The group’s net assets value per share has increased from $31.72 to $33.33 and the company has increased its dividend proposal to shareholders to $1.04 per share unit resulting in an overall cost of $884M. “The improved results were made possible as a result of the increase in sales of our malt products, aerated and liquor beverages and food products,” the Chairman noted in the 2017 annual report.

He said the company also benefitted from the reduction in prices paid for several key raw and packaging materials which included sugar and pre-forms. “Prudent management of our asset base and financial resources also contributed to the overall results…while the global economy experienced some shock as a result of the recent general elections in the US there were marginal improvements resulting from the increase in commodity and oil prices,” the Chairman said.

Artificial increase in foreign exchange
Reis stated that the company weathered the effects of an artificial increase in foreign exchange rates which affected the acquisition costs for raw and packaging materials, plant and machinery spares and capital equipment; in addition to foreign exchange and payment of goods and services.
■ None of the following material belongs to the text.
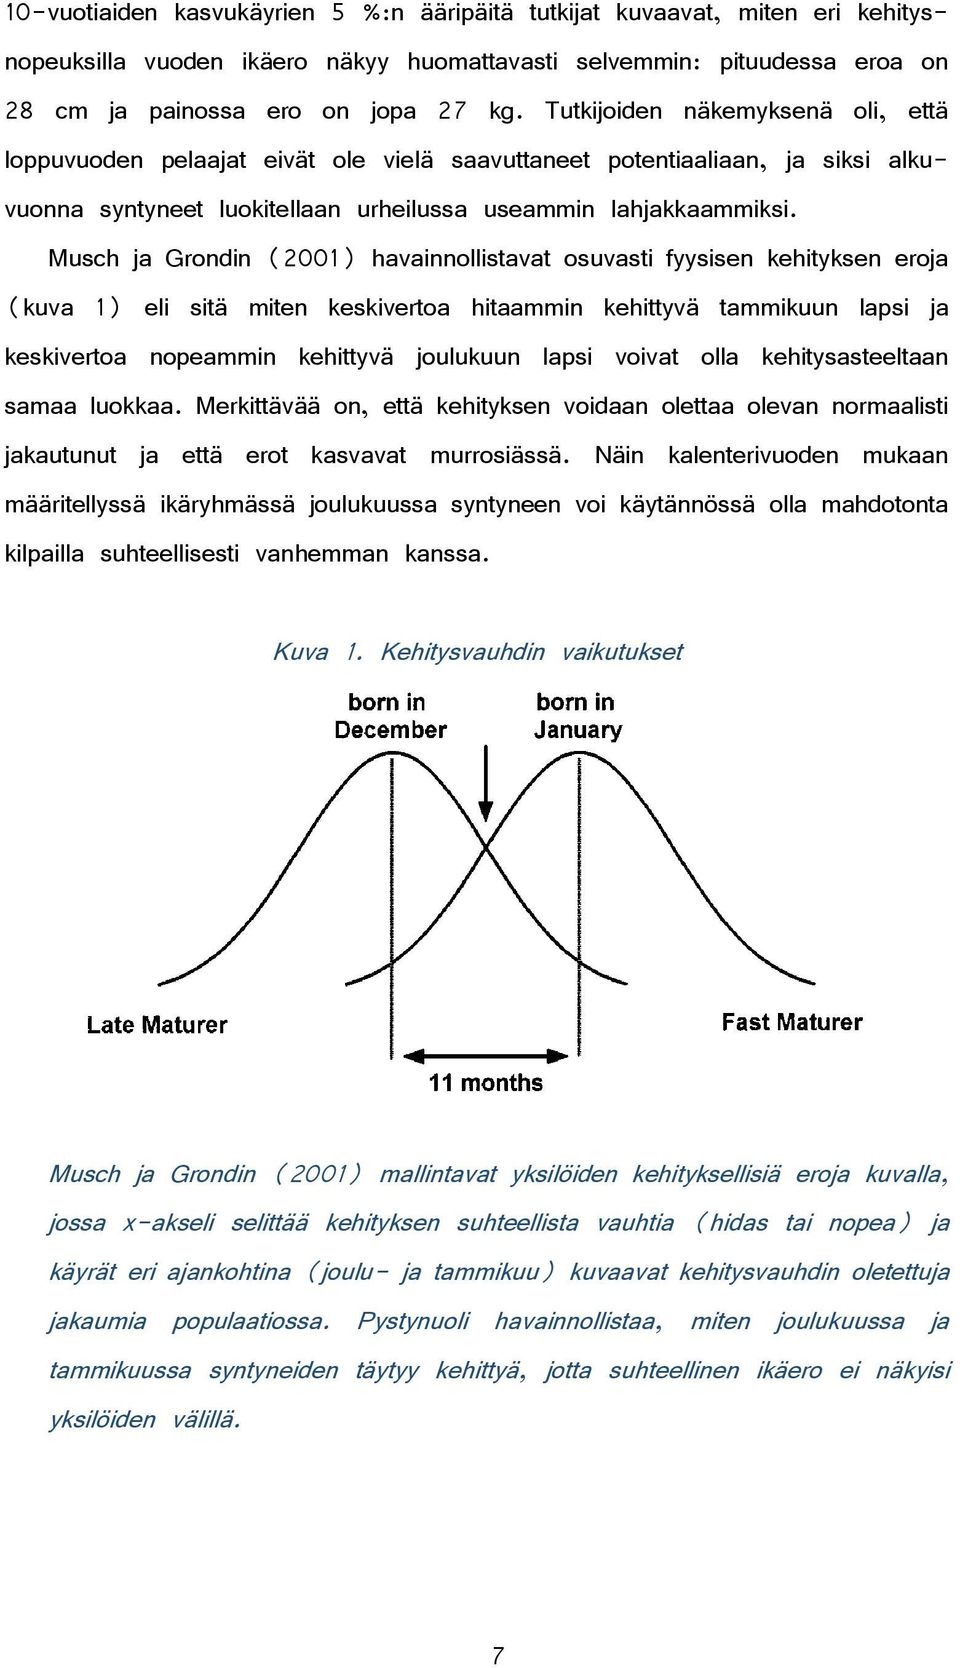 Musch ja Grondin (2001) havainnollistavat osuvasti fyysisen kehityksen eroja (kuva 1) eli sitä miten keskivertoa hitaammin kehittyvä tammikuun lapsi ja keskivertoa nopeammin kehittyvä joulukuun lapsi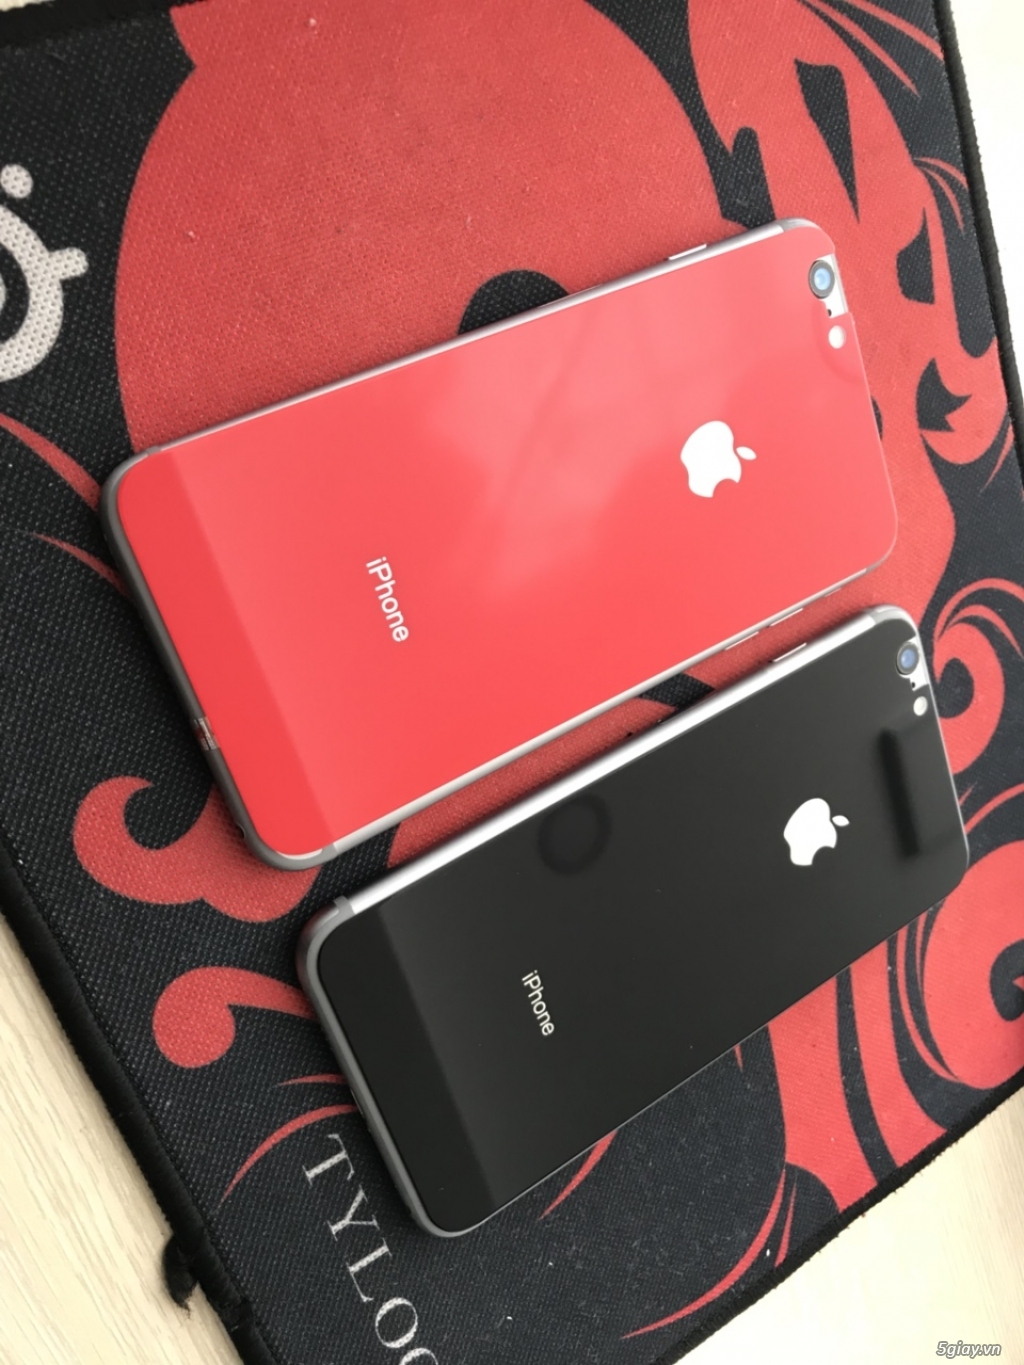 Chuyên Bán Iphone-Ipad sỉ lẻ toàn quốc GIÁ BAO TỐT !!! - 4

Adding that the recapitalisation of the company’s production, distribution and power generation facilities continued in 2017, Reis said the distribution warehouse was extended with an additional 15,900 square feet of new storage space. “A new malt intake system was installed in the brewery and the beer bottling benefitted from the installation of a crate washer and a new cleaver brook boiler. The modernisation of the Trisco Cookies, crackers and snack lines was continued with the acquisition of new packaging equipment and machinery,” he said.

Citizens Bank
Meanwhile, the Chairman in the 2017 annual report noted that the revenue of Citizens Bank was $3.5 billion compared to $3.2 billion, an increase of $287M or 8.8 per cent. Profit after tax was $727M. Underscoring that in creating wealth for shareholders through the creation of synergies, the implementation of finance and marketing initiatives and continued emphasis on cost reduction strategies, Reis said from a net profit of $3.8 billion, a dividend payment of $802M was made leaving $3 billion for transfer to retain earnings.

He noted that the company performed well in 2017 and the uncertain global and local economic environments together with the effects of changing global weather patterns are factors which will adversely affect the company. “We continue to examine areas in which we can diversify our business portfolio,” the Chairman said.